The record does not supply a basis for assessing whether Skelton's belief was accurate, and the juvenile court made no findings on that point.

In its original letter opinion, the court found that DHS was excused from the reasonable efforts requirement under ORS 419B.502(1). However, that statute does not apply in dependency proceedings. The court later amended its letter opinion to refer to ORS 419B.340(5).

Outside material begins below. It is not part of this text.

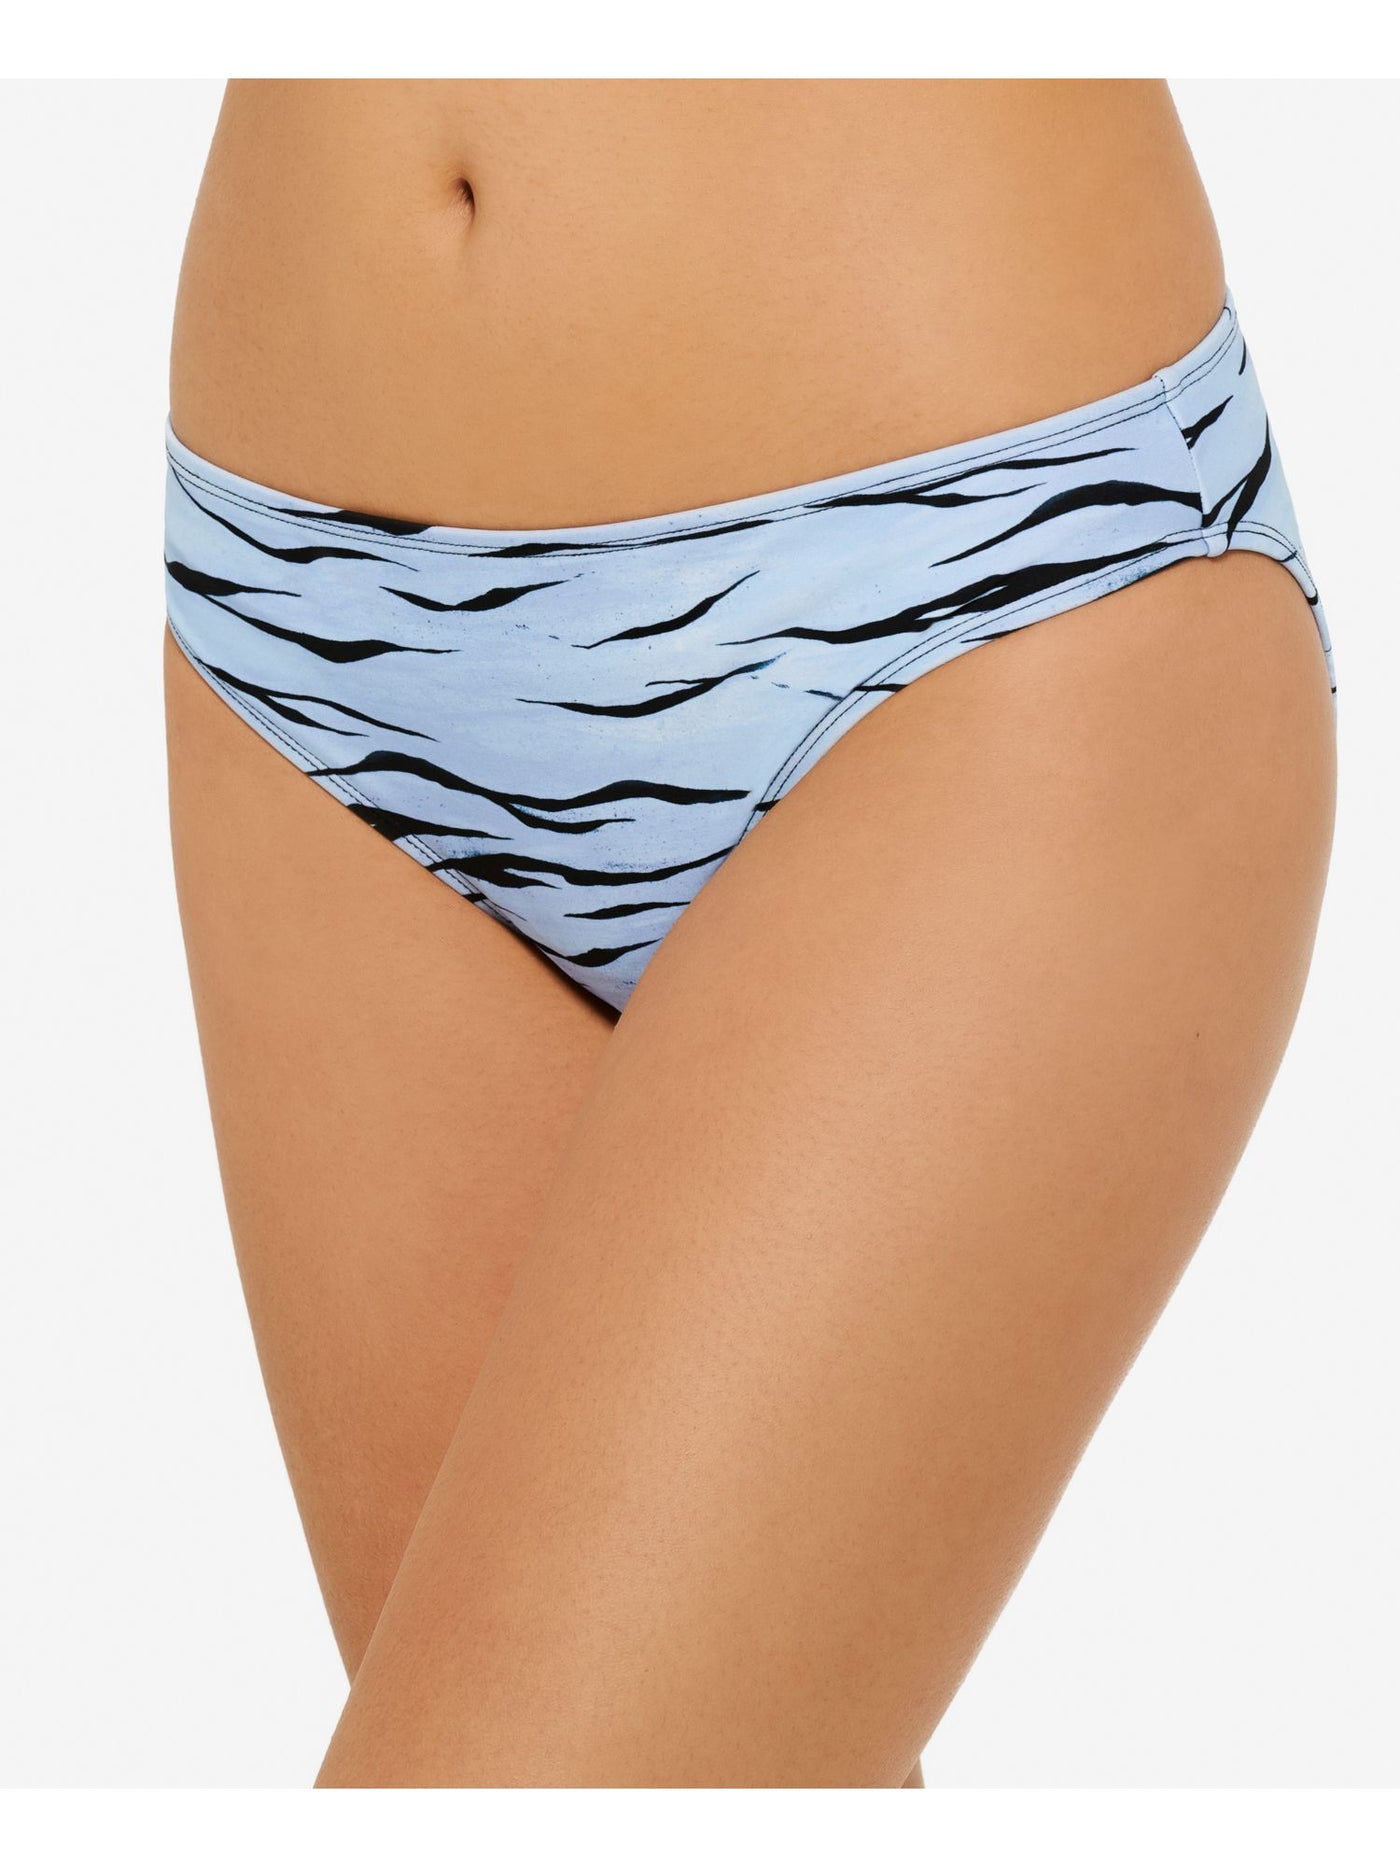 HULA HONEY Women's Light Blue Animal Print Lined Wild Cat Hipster Swimsuit Bottom S

The court may have inadvertently applied the "reasonable efforts" standard in the statute governing shelter hearings, ORS 419B.185(1)(a). Under that statute, the legislature explicitly has directed juvenile courts to find that DHS made reasonable efforts to reunify the family if the juvenile court "finds that no services were provided but that reasonable services would not have eliminated the need for protective custody." ORS 419B.185(1)(a) (providing that "the court shall consider the department to have made reasonable efforts" under circumstances where the court finds that no services would eliminate the need for protective custody). In contrast with ORS 419B.185, ORS 419B.476(2), which governs the reasonable efforts determination in permanency hearings, does not contain a similar provision authorizing a juvenile court to equate no efforts with reasonable efforts under circumstances in which the court finds that there are no services that could ameliorate a jurisdictional basis.